The research will explore new paradigms for the dual tasks of data to text and text to data generation such as:
• Learning from unaligned corpora
Most current methods require learning from parallel corpora, where data and text are fully aligned and correspond closely one to the other. A first line of research will be the development of new unsupervised frameworks allowing training from unaligned data-text corpora.

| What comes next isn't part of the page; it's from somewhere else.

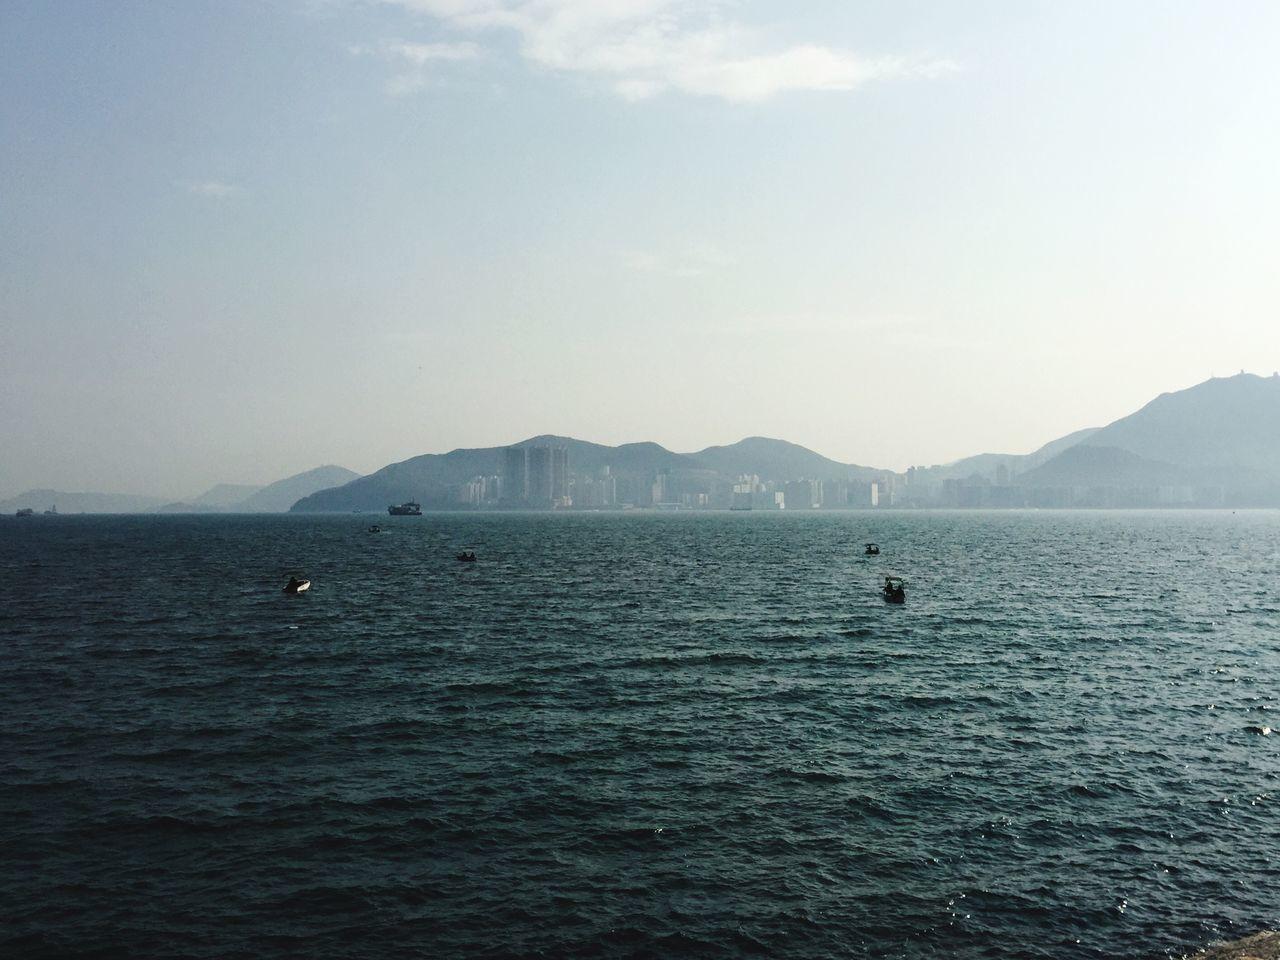 Tseung Kwan O Seaview Serenity Skyline Clear Sky Nobody Moody Sky IPhoneography Hong Kong Sunday EyeEm Nature Lover The Tourist Boat

• Learning from diverse sources
Current benchmarks focus on learning mappings from a unique structured data format to text. In practice data will be collected from different sources encoded through a diversity of formats. A second direction will explore new formalisms for learning such multiple correspondences.
• Controlled text and data generation
Current research mainly focuses on the cases where there is a bijective correspondence between the data and text. A more general task is to summarize information along different aspects of the data. We will explore how to control generation according to different aspects and user needs.
Profil du candidat :
Master in computer science or applied mathematics, Engineering school. Strong background and experience in machine learning and/or natural language processing , and good technical skills in programming.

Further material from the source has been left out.